From what youtube showed me on the reaction it would seem to be to maybe force the clog loose from the volume increase. 

I have no doubt any silver would be minuscule beyond sight. But it might keep me from actually ordering the sodium nitrate from the meat cutter, lol. And curiosity.


----------



## lazersteve (May 10, 2008)

Drano drain cleaner contains *SODIUM* Nitrate and Sodium Hydroxide as well as Aluminum metal and sodium chloride.

Here's the Data on the product:

http://hpd.nlm.nih.gov/cgi-bin/household/brands?tbl=brands&id=19001029


My advice to you is to hold off preforming *any* reactions, for your own safety, until you have a better understanding of basic Chemistry .

Steve


----------



## Kurr (May 10, 2008)

I went back to the store and re-read the label. I was correct it says what I remember, however, I looked up the product and the website says something differant. 

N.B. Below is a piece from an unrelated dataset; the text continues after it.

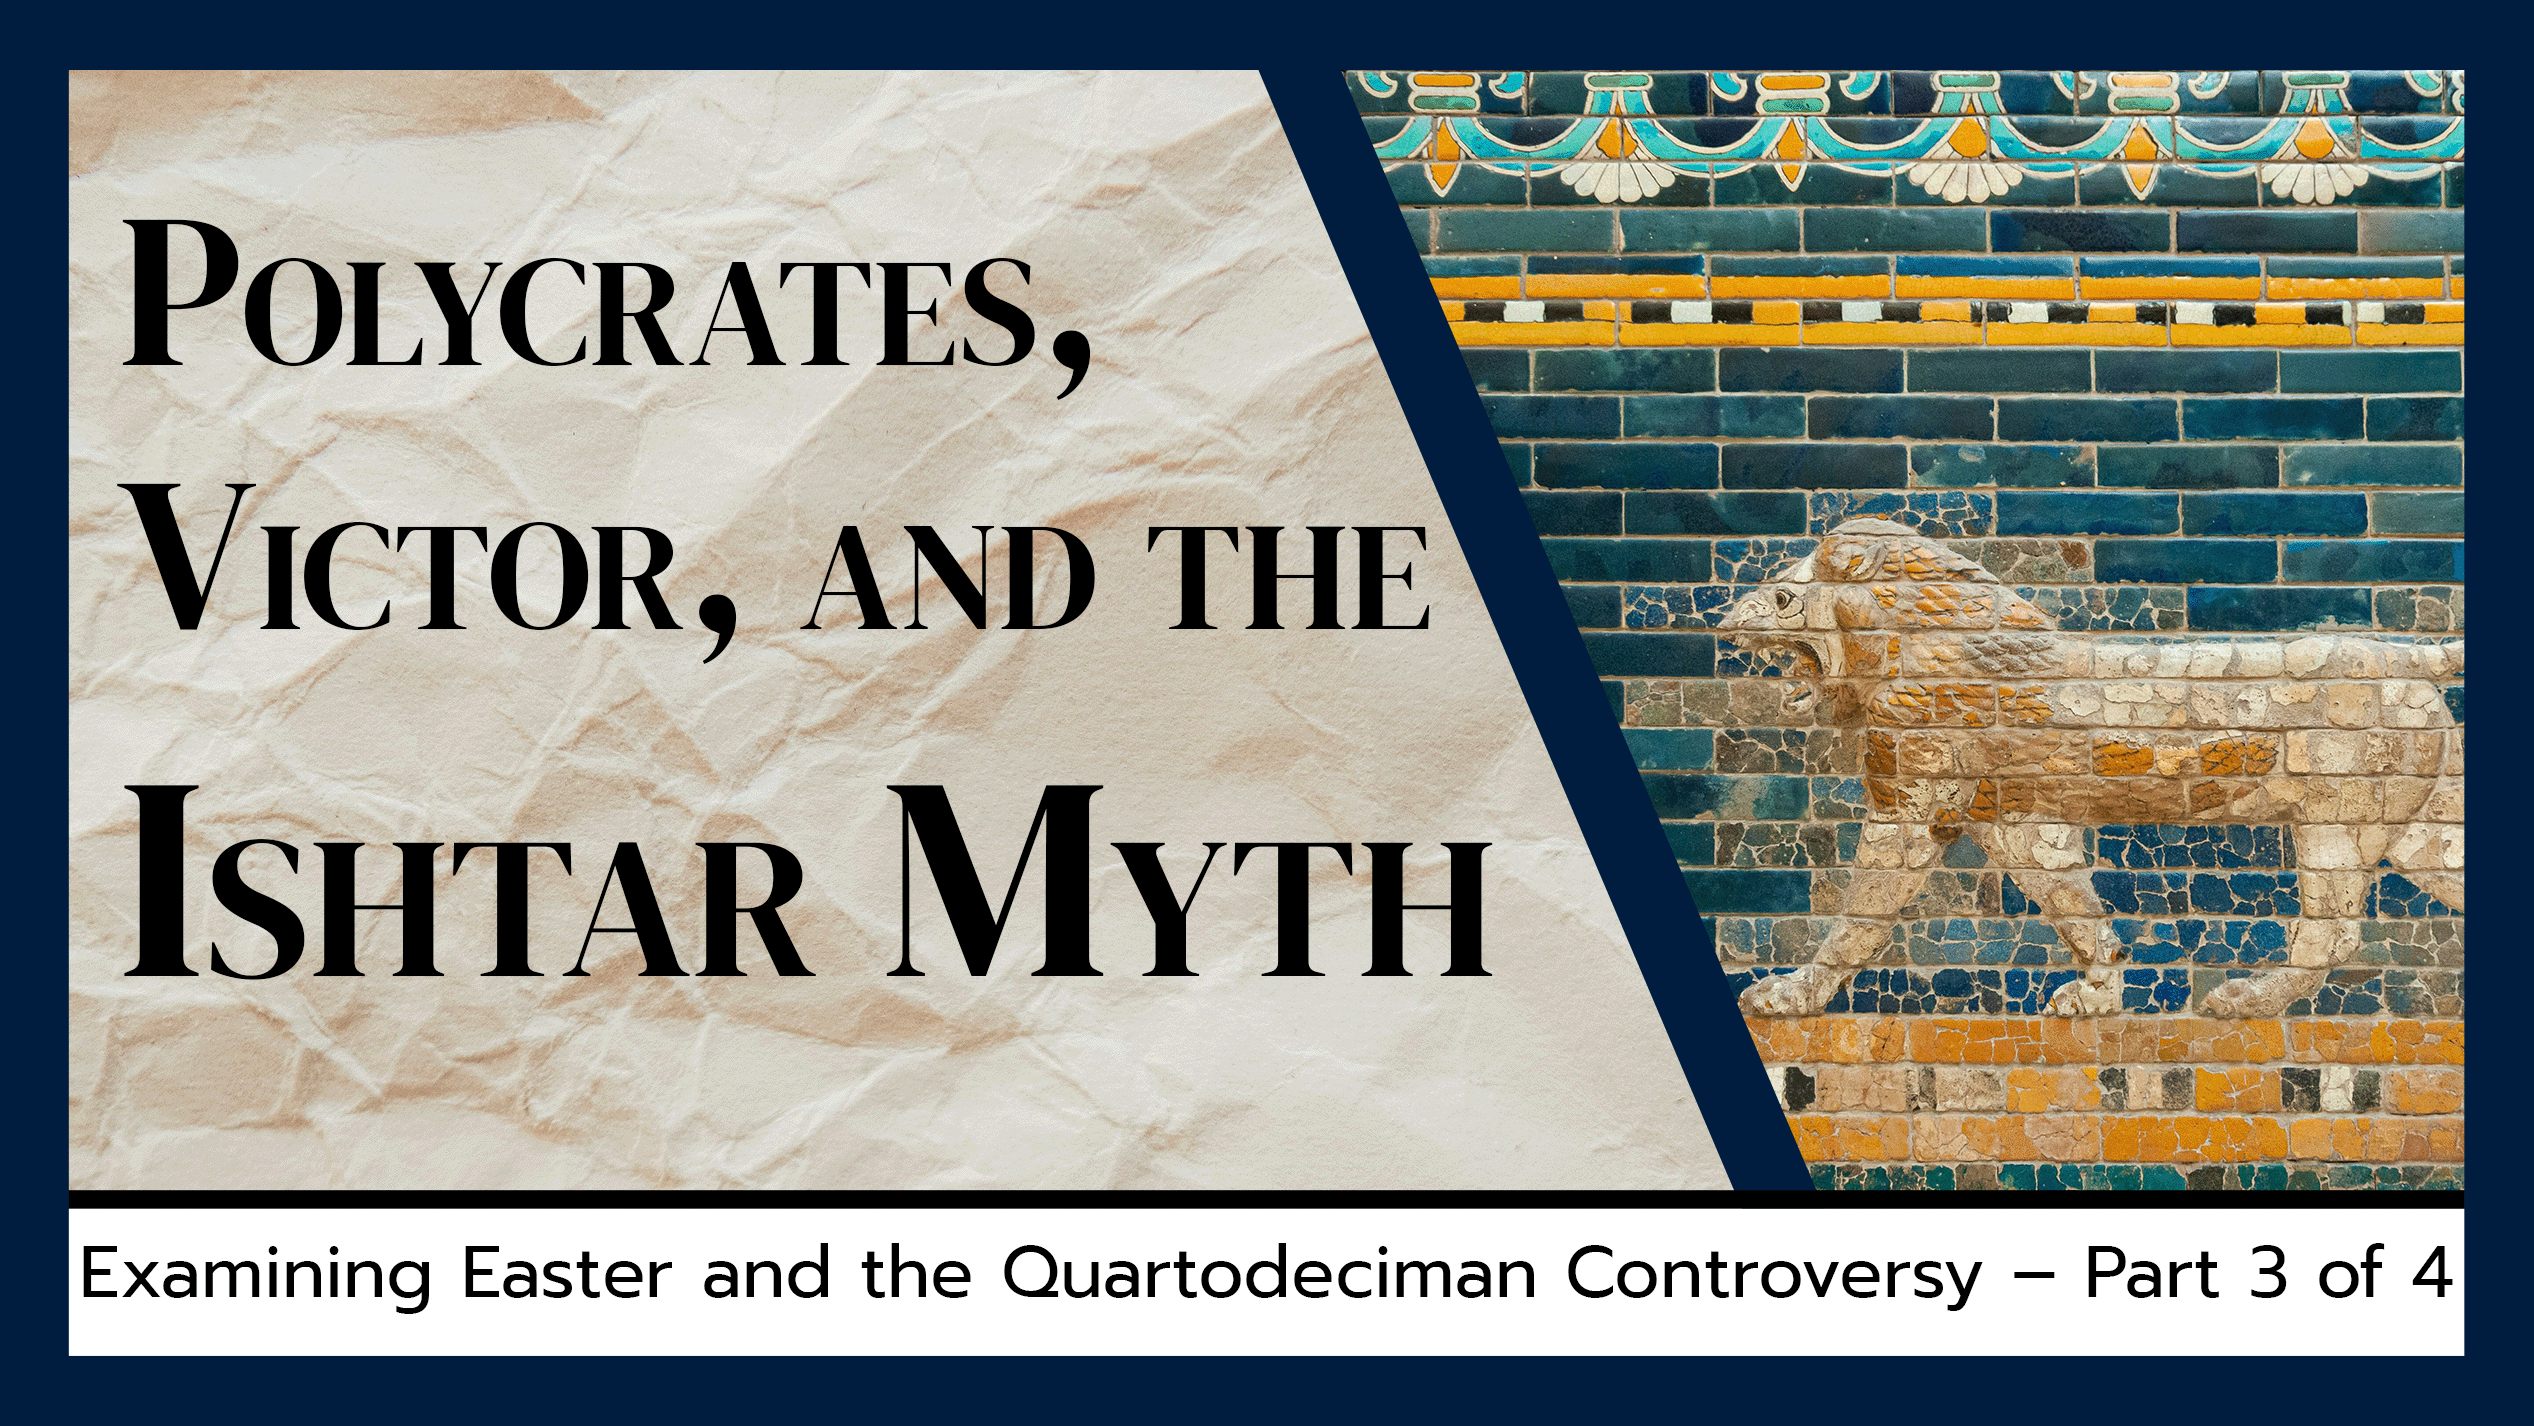 Polycrates, Victor, and the Ishtar Myth (Part 3 of 4)

The web site lists it as: Drain Out Crystal uses Caustic Soda with Aluminum Chips
Mixing Caustic Soda with Aluminum Chips produces heat and bubbles that act as a scrubbing agent in clogged pipes.

But as I said I went back and it says nothing about aluminum.

Im not doing anything right now, and appreciate your concern for my safety. Collecting scrap, haven't uncapped the first acid yet. I was surprised to see the ingredients listed and was curious even in a hypothetical situation.

I'm just asking questions. When I do get around to starting I'll have an actual understanding, confidence, and run it past here, step by step first. 

Now, back to it. "IF" the product contained what was originally asked, would it do as I inquired? 

And would anyone recommend a good site for online learning for beginners? I haven't been in a classroom for a long time and never took chem, but as I stated before, i don't just wanna "do" this, I wanna understand it.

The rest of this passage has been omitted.